Enclosure (Large), Cahermorris, Co. Galway
Co. Galway |
Enclosures
What makes the large enclosure at Cahermorris quietly melancholy is that it was thoroughly documented before it disappeared.
In September 1983, surveyors recorded a roughly D-shaped enclosure measuring approximately 85 metres north to south and 80 metres east to west, its boundary defined by a drystone wall nearly three metres wide and up to 1.7 metres high. Drystone construction, built without mortar, is among the oldest and most durable forms of walling in Ireland, and this example was described as well-preserved. Less than eight years later, in April or May of 1991, land clearance operations levelled it almost completely.
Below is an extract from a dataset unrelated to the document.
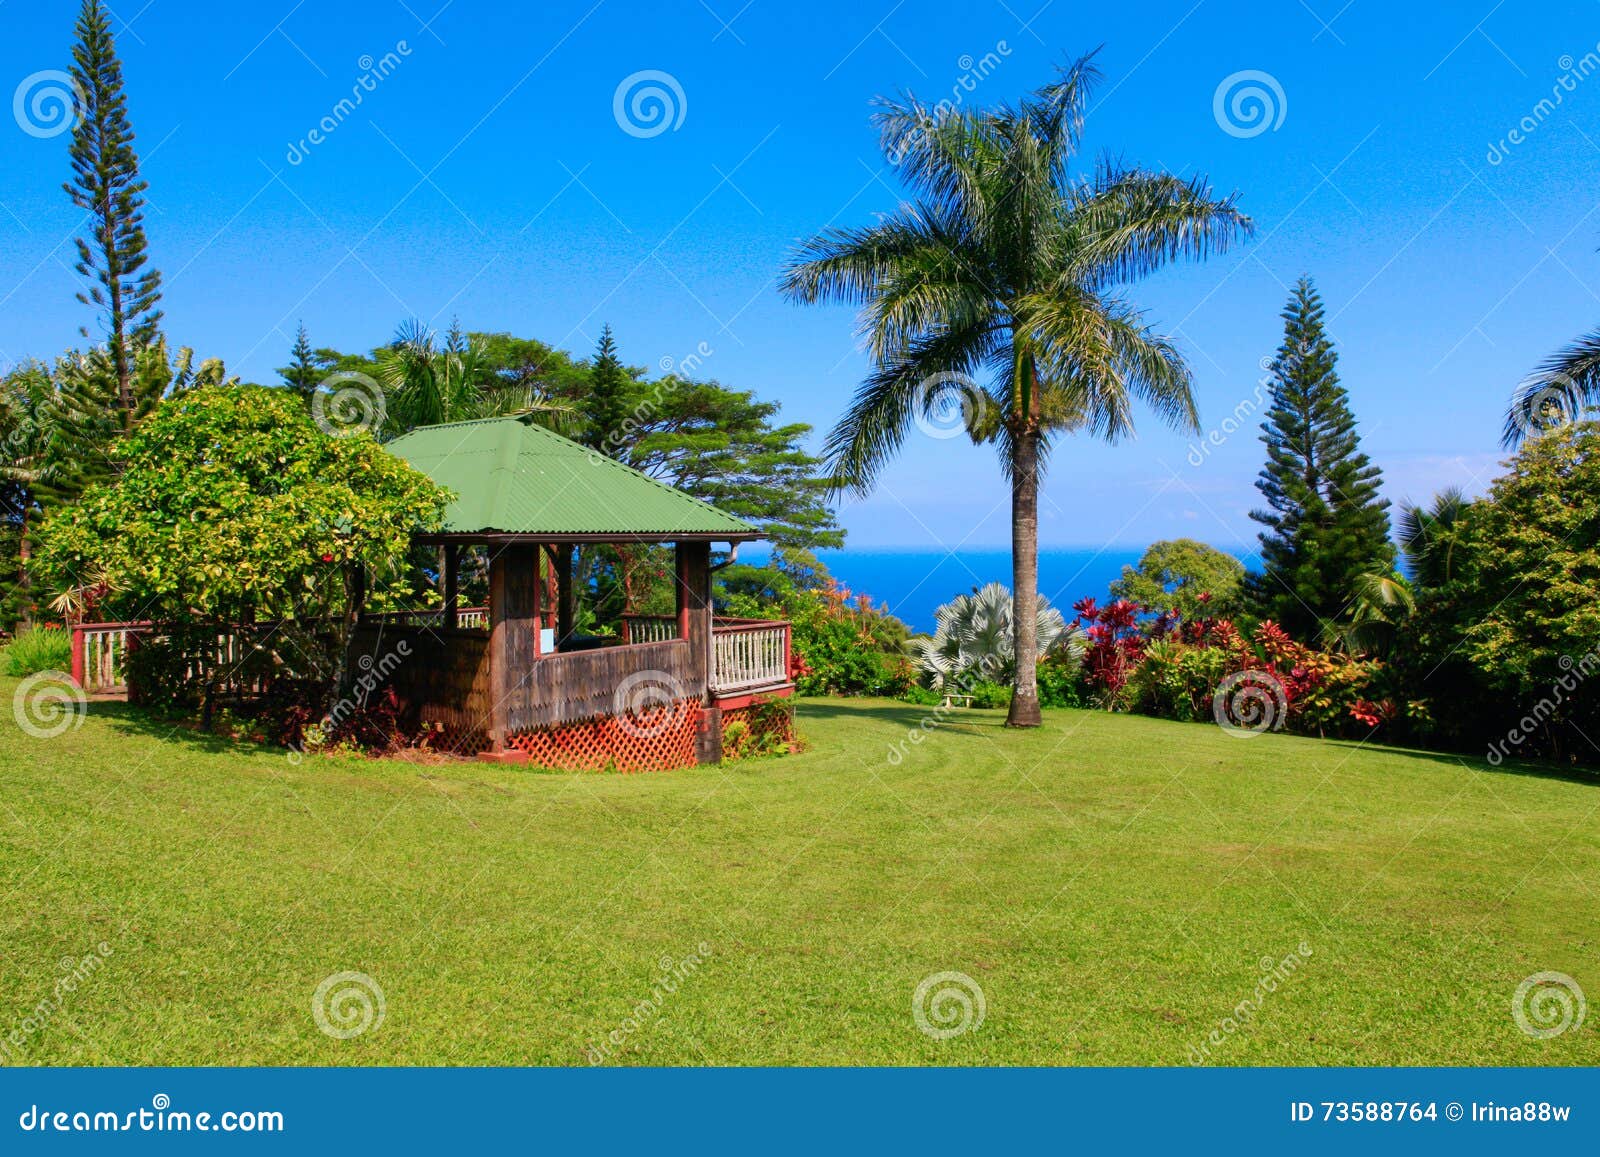 Gazebo In Tropical Garden Garden Of Eden Maui Hawaii Stock Photo

The enclosure had attracted scholarly attention long before that. The antiquarian Thomas Johnson Westropp, who documented hundreds of monuments across Connacht and Munster in the early twentieth century, included a sketch plan of the site in 1919. He noted a gap at the north-north-east, and a slight trace of what appeared to be a mortar-built gateway at roughly the same point, suggesting a more elaborate entrance than the plain drystone wall might imply. When surveyors returned in 1983, they could find no definite surface trace of either feature. Inside the enclosure, a castle once stood, and a ringfort, the circular enclosed settlement that is one of the most common early medieval monument types in Ireland, lay just 25 metres to the north-west. The clustering of these features points to a landscape that was in continuous, layered use across many centuries. The irony is that a preservation order was made under the National Monuments Acts in 1991, the same year the monument was destroyed.